Track-and-point, track-and-grab all without conscious intervention for optimal performance. The initial designation of the tracked object may or may not be conscious, in colloquial terms: something may or may not grab your attention.

FINSTs provide the capability for operationally competent (visual) deictic reference. If, by grunting and pointing, you can induce someone else to track the same target you’re tracking, you’ve arguably just conveyed a strong mutual agreed upon identification of it. This mutually-agreed-upon designation is achieved without any explicit description, and with an accuracy that likely exceeds your capacity to explicitly describe the target object in robust detail. It has no translation requirements, and the lack of explicit properties boosts the precision of the identification, again Pylyshyn:

 “The FINST does not distinguish between selecting a rabbit, a rabbit’s properties (such as its fur, shape, movement, color), a set of undetached rabbit parts, or any other coextensive category, because the selection is not based on a category at all”

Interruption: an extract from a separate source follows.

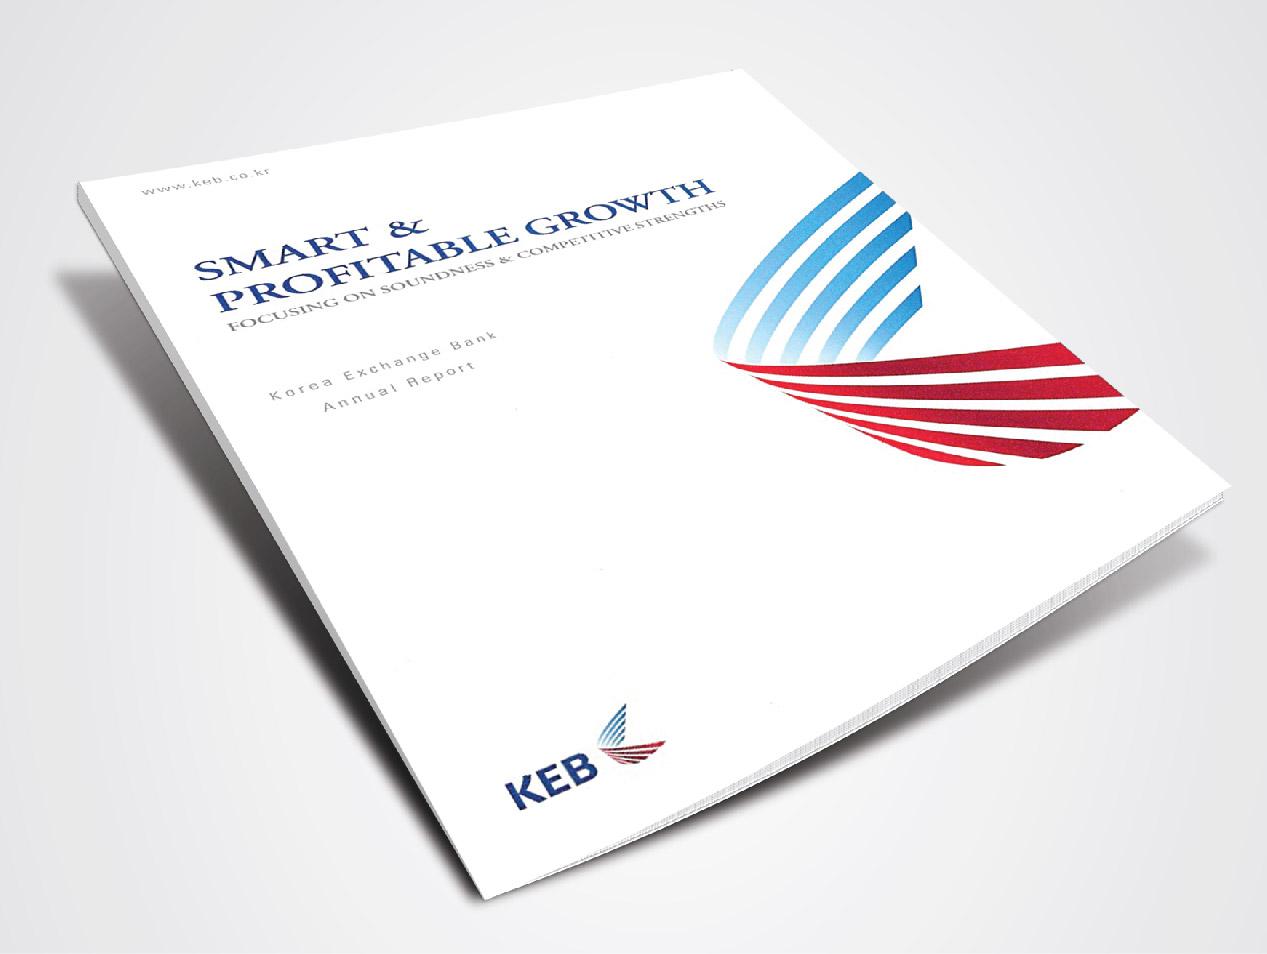 Annual Report 8

Remember, this is the human visual system we are talking about. Over the years experiments have shown that the relative constant scenes which form our conscious awareness is a construction built by a very large portion of our brains, a construction built on the substrate of extremely varied sensory inputs. To quote Pylyshyn:

 “This problem of keeping track of individual token things by using a record of their properties is in general intractable when the things can move and change properties. But the problem exists even for a static scene since our eyes are continuously moving, the lighting changes with different points of view, and so on—which means that the problem of unique descriptors applies to every thing in a perceived scene. In fact it remains even if the scene and the point of view are fixed (as when a static scene is viewed through a peephole) since the representation itself is changing over time as the scene is explored with moving focal attention. There is ample evidence that percepts are built up over time.”

The follow-on idea, which he terms the index projection hypothesis, is that we can load things onto the FINSTs (identify them with objects we are trying to imagine in space), and then use the FINST mechanism to support our spatial reasoning.

 “The view is just this: In imagining a spatial layout, we use visual indexes (FINSTs) to pick out concurrently perceived objects that are roughly in the same relative locations as objects in the scene we are imagining. Each indexed object is associated with a unique label of a recalled or imagined object. These labels allow the system to keep the individual indexed objects distinctive, and also allow the visual system to treat the indexed objects as though they were marked—the visual system can thus detect patterns among indexed objects. The spatial properties that concern the mental objects (i.e. the conditions listed earlier) result from actual perception of the spatial relations among these indexed objects. This simple idea, called the index projection hypothesis, is developed in the next section.” (emphasis mine)

“Real movement interacts with imagined objects in a very natural way and such movements treat the imagined objects as fixed in space (so that, for example, your relation to your mental image undergoes the automatic updating of your frame of reference with your movement that is characteristic of moving in a real environment”

Our FINST enabled imaginations are then able to reason accurately about the imagined environment. Pylyshyn, being rigorous, indicates that the data supports this interpretation but that it has not been validated as thoroughly as the original Multi Object Tracking (MOT) experiments that underlie the identification of FINSTs in the early vision system.

I vacillate between considering this completely understandable (biology tends to build upon what’s ready to hand, rather than invent complete, large scale, complex mechanisms de novo) and totally shocked that there is that kind of bidirectionally available. This isn’t just priming the FINSTs to search for something, but rather using them as an auxiliary processor to our “conscious imagining.”

All in all, more solid evidence that our “conscious” processes are less critical than we might think and our “unconscious” processes are more subtle and robust than we might imagine.